– Ты не сказал главного, Диди, – оторвался от своих раздумий мой кюре. – Пахнет ли при этом от них чем-нибудь смрадным.
– Уж не знаю, не нюхал, – признался я.
– В том-то и дело, – сказал преподобный. – А вот мне доводилось. И даю тебе слово, что не пахло от них ничем недостойным человека. Ведь что такое запах?
– И – что же? (Попробуй объясни. Уж так отец Беренжер умел так ставить вопросы, что не ответишь, хоть неделю чеши башку).
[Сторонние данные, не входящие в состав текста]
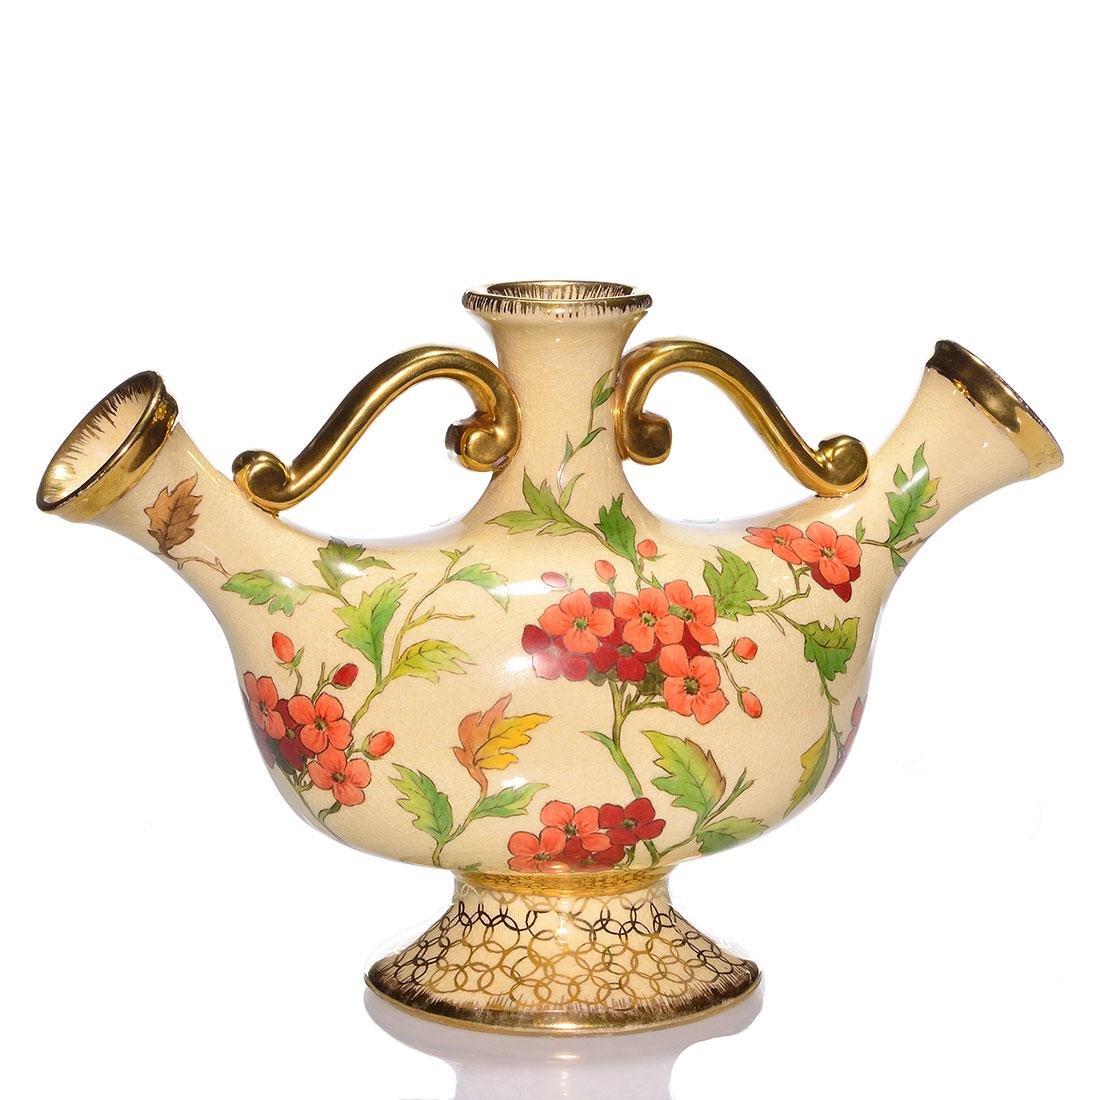 Cincinnati Art Pottery triple spout jug, red flowers, 9

А он – уже вроде бы о другом:
– Ты когда-нибудь нюхал огурцы, обычные огурцы, растущие на грядке?
Нашел о чем спрашивать! У деревенского парня из Лангедока!
– Ну, и чем они пахнут? – не унимался он.
– Ясно чем – огурцами… (А как еще вы приказали бы ответить?)
– Вот и ошибаешься, – сказал кюре. – Огурцы, растущие на грядке, не пахнут ровным счетом ничем. Ну, разве что немного землей, которая их породила. А вот сорви огурец, да еще его разломи, – и запах тотчас же разольется. Все дело в том, что растущий огурец жив, а сорванный мертв. Живое лишено запаха, а мертвое пахнет мертвечиной. Как бы ни был аппетитен запах сорванного огурца – но это не более чем обозначение его смерти.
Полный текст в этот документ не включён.